Tesla (NASDAQ:TSLA | TSLA Price Prediction) CEO Elon Musk made history earlier today by reportedly becoming the world’s first trillionaire, fueled largely by SpaceX‘s (NASDAQ:SPCX) blockbuster NASDAQ debut. Yet, Tesla stock is barely budging on the news, trading near $403 and up 1% in midday action on Friday.
The disconnect is hard to ignore. Musk’s combined SpaceX and Tesla stakes are now worth around $1.147 trillion, but Tesla stock is down 11% in 2026 while the broader market has rallied. That gap is the central question driving today’s debate over whether TSLA shares have quietly turned into dead weight in growth portfolios.
For context, the SPDR S&P 500 ETF Trust (NYSEARCA:SPY), which tracks the S&P 500, is up 9% year to date, leaving Tesla stock roughly 20 percentage points behind the index. Investors who held through 2025 aren’t panicking yet, though. Over the trailing 12 months, Tesla stock is still up 26%, so this is specifically a 2026 underperformance story.
Musk’s Trillionaire Day Highlights the Tesla Disconnect
The irony is hard to miss. SpaceX priced its IPO at $135, opened at $150, and soared as much as 30% on Friday, instantly minting Musk’s trillionaire status. Meanwhile, Tesla stock has spent 2026 grinding sideways to lower.
Part of the issue is sentiment. Reddit discussion in fundamental investing communities like r/stocks and r/stockmarket has skewed bearish, with a viral post titled “Elon Musk wants to merge SpaceX and Tesla into a $3.4 trillion giant. The problem: it would lose money from day one” drawing heavy engagement.
The prediction markets echo that skepticism about Tesla’s standalone value. Polymarket traders assign a 93% probability that SpaceX will be worth more than Tesla by June 30, a striking reversal in how investors rank Musk’s two flagship ventures.
The Bear Case: Why TSLA Stock Could Be Dead Weight
The bear thesis on Tesla stock starts with its valuation. TSLA shares trade at a trailing P/E ratio of 370x and a forward P/E ratio of 192x, multiples that demand flawless execution.
Tesla’s recent results show why some investors are uneasy. The company’s energy generation and storage revenue declined 12% year over year in Q1 2026, while Tesla’s global vehicle inventory rose to 27 days of supply from 22 days. Furthermore, Tesla booked $222 million in digital asset losses during the quarter.

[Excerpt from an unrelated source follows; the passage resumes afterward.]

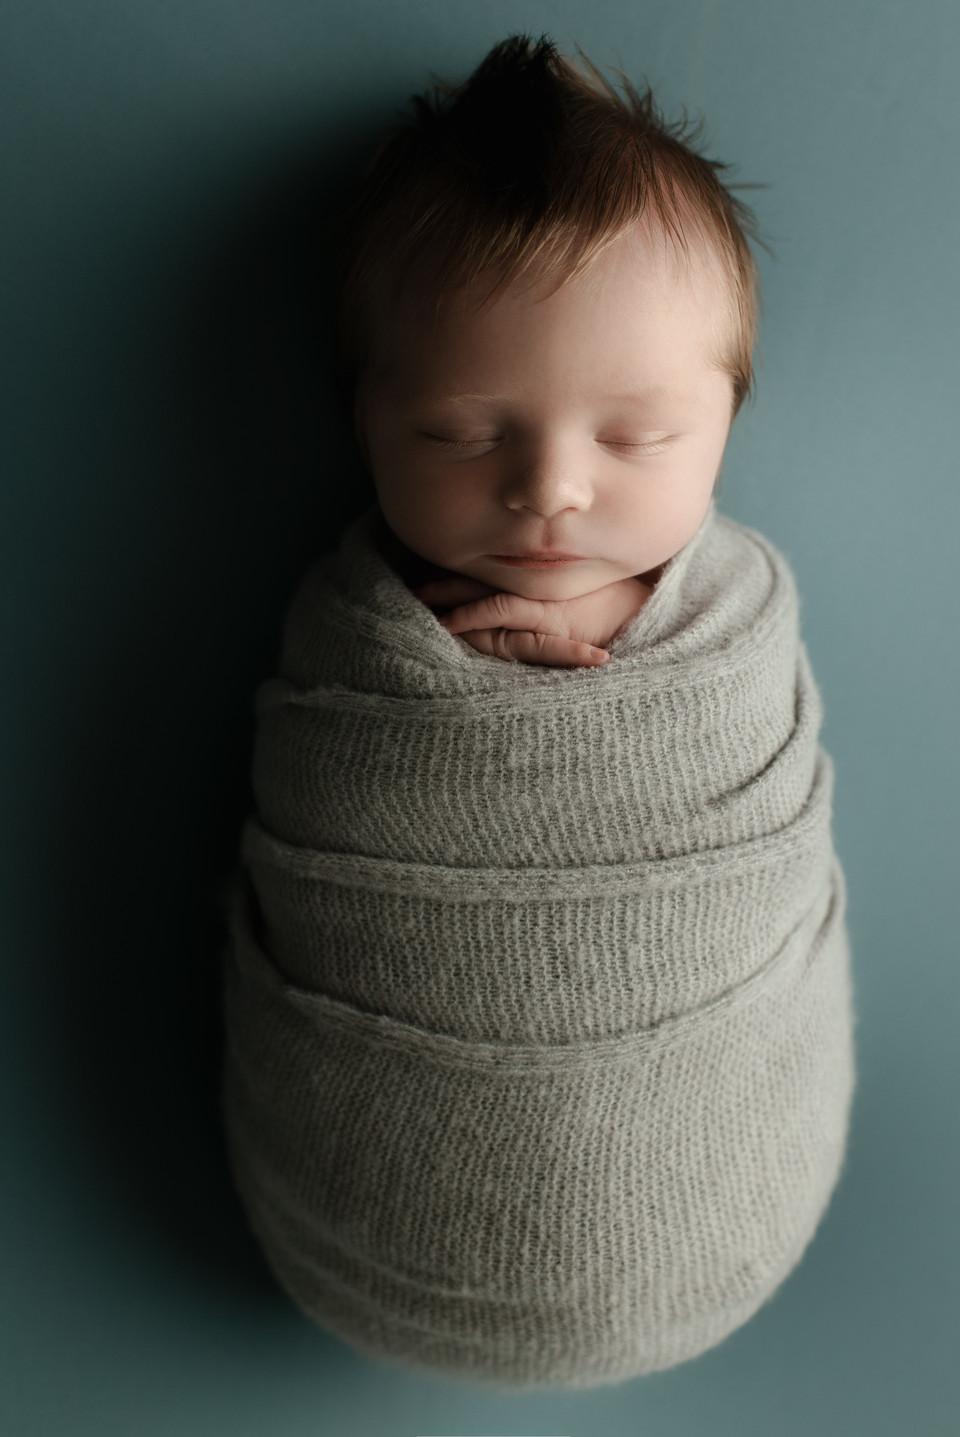 newborn photos regina, saskatchewan photographer, regina photographer, balgonie, newborn photos, baby photographer

The prediction markets also throw cold water on the near-term catalyst narrative for Tesla stock. Polymarket gives only a 5% probability that Tesla launches robotaxis in California by June 30, and just 17% odds that Optimus is released by year-end 2026.
The Bull Case: Tesla Is Still Executing
The other side of the Tesla story is genuinely strong. Q1 2026 revenue grew 16% year over year to $22.39 billion, and automotive gross margin expanded to 21% from 16%.
Tesla’s software momentum is real, too. Active Full Self-Driving subscriptions hit 1.28 million, up 51% year over year, and Services and Other revenue jumped 42% to $3.75 billion. Tesla also grew free cash flow 117% year over year to $1.44 billion.
Analyst sentiment remains constructive on balance. The consensus analyst TSLA stock price target sits at $420, with 18 Buy and 5 Strong Buy ratings against 4 Sell and 3 Strong Sell calls.
What to Watch Next
So, is Tesla stock dead weight? The honest answer is that it depends on one’s time frame and patience level. The 2026 underperformance is real, the valuation is stretched, and Musk’s attention may genuinely be split between SpaceX, xAI, and Tesla.
However, Tesla’s core business is still growing, FSD adoption is accelerating, and the company sits on $44.74 billion in cash. Investors weighing their exposure may want to size their positions modestly here rather than chase or capitulate.
The next anticipated checkpoint is Tesla’s Q2 2026 deliveries, where prediction markets center on a 450,000 to 475,000 vehicle range at 35% probability. That print could decide whether TSLA shares finally rejoin the broader market rally or keep dragging behind it.